From the awesome thrill of the sublime to the delightful perfection of the beautiful, Edmund Burke gives an involving account of our sensory, imaginative, and judgemental process and its relation to artistic pleasure. This edition also includes several of Burke's early political works which illustrate that, despite his later opposition to the Revolution in France, he took a liberal and humane view of society and government.
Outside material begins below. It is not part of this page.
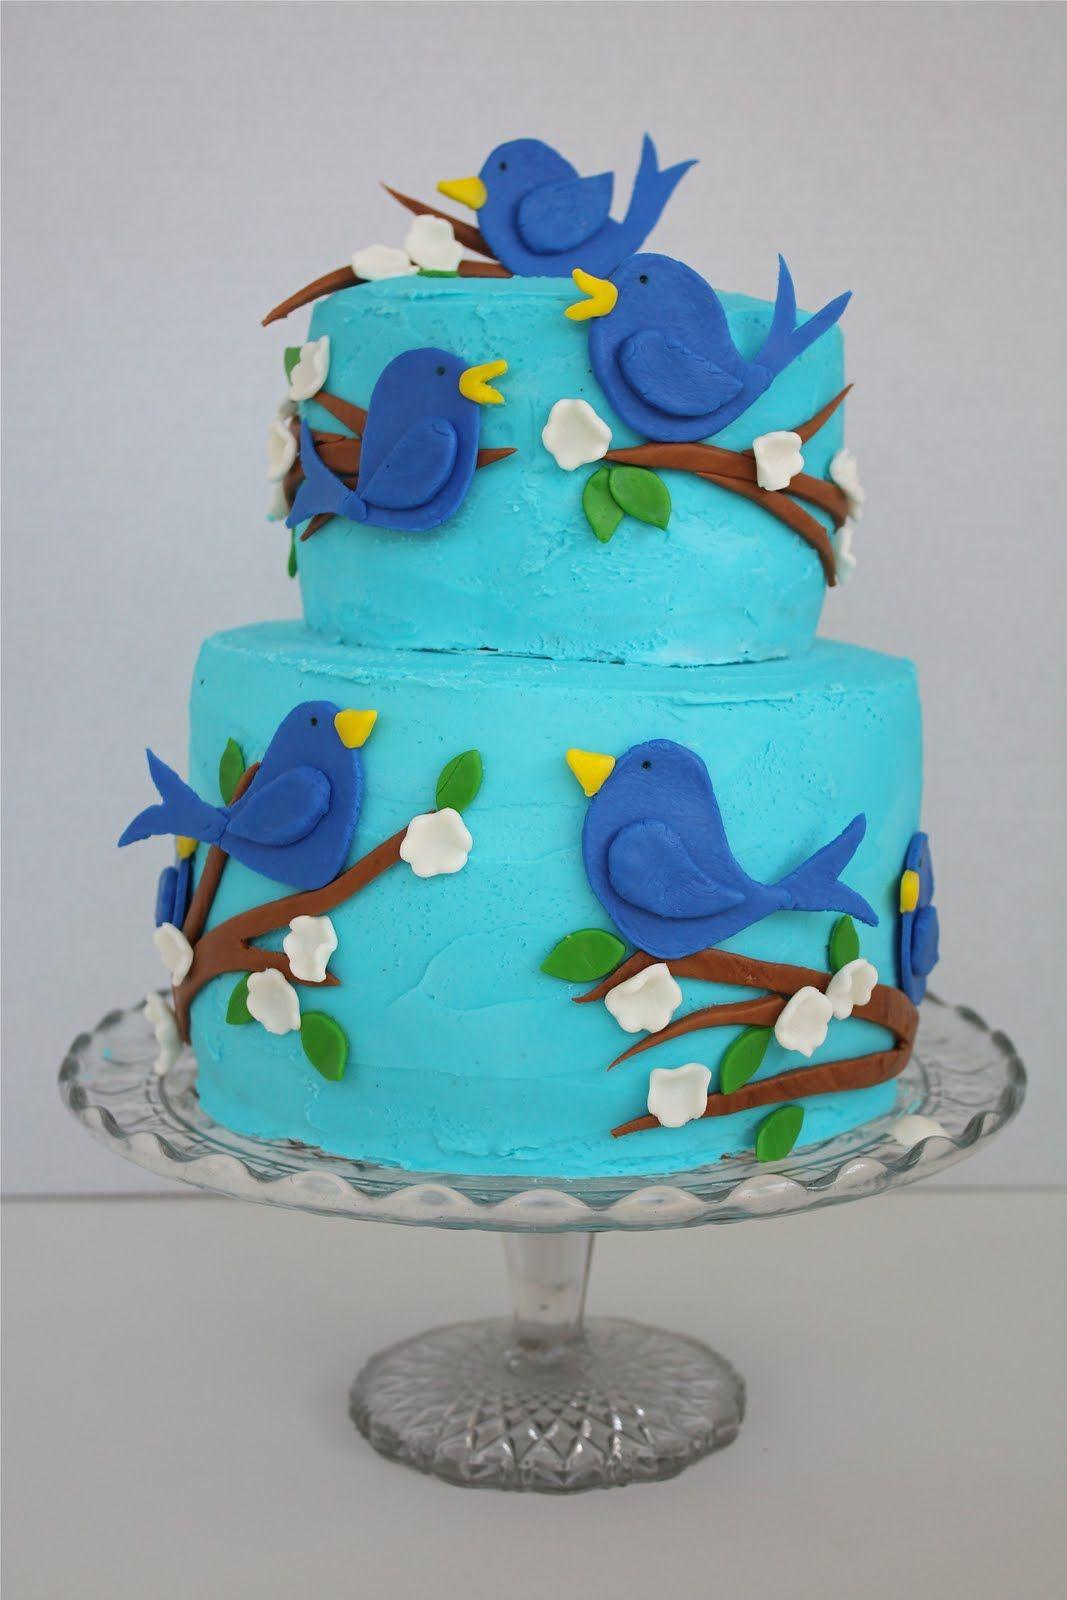 Pleasing 23 Inspiration Image Of Bird Birthday Cake Bird Birthday Cake Funny Birthday Cards Online Alyptdamsfinfo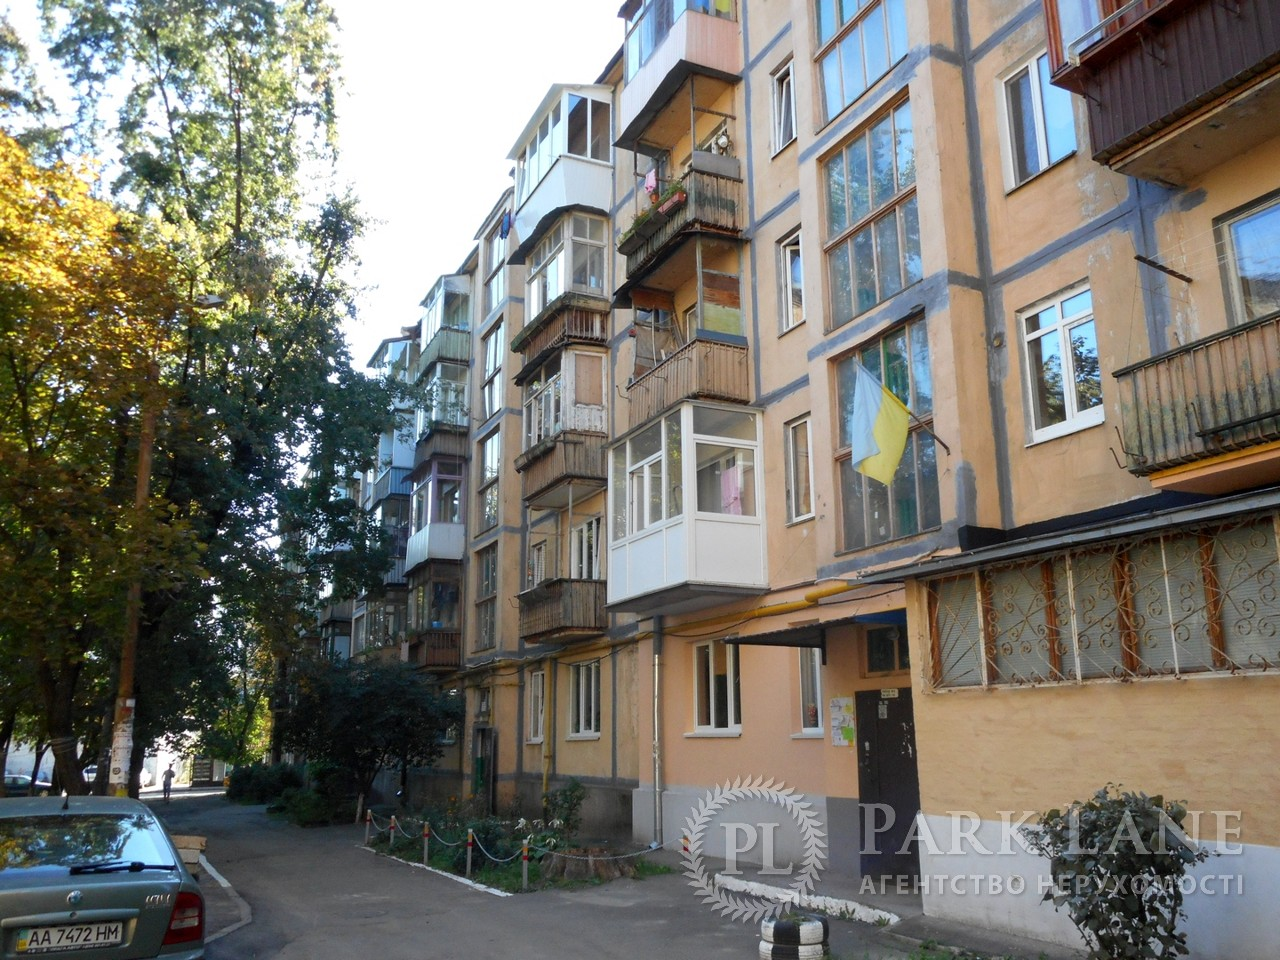 Квартира ул. Краснодарская, 47/1, Киев, Z-1002765 - Фото 2

Edmund Burke was one of the foremost philosophers of the eighteenth century and wrote widely on aesthetics, politics and society. In this landmark work, he propounds his theory that the sublime and the beautiful should be regarded as distinct and wholly separate states - the first, an experience inspired by fear and awe, the second an expression of pleasure and serenity. Eloquent and profound, A Philosophical Enquiry is an involving account of our sensory, imaginative and judgmental processes and their relation to artistic appreciation. Burke's work was hugely influential on his contemporaries and also admired by later writers such as Matthew Arnold and William Wordsworth. This volume also contains several of his early political works on subjects including natural society, government and the American colonies, which illustrate his liberal, humane views.
Edmund Burke (1729-97) was elected as an MP in 1781. He championed the unpopular cause of Catholic emancipation and a great part of his career became dedicated to the problem of India. The French Revolution prompted one of his best-known works Reflections on the Revolution in France. David Womersley is editor of Augustan Critical Writing, which was recently published in Penguin Classics.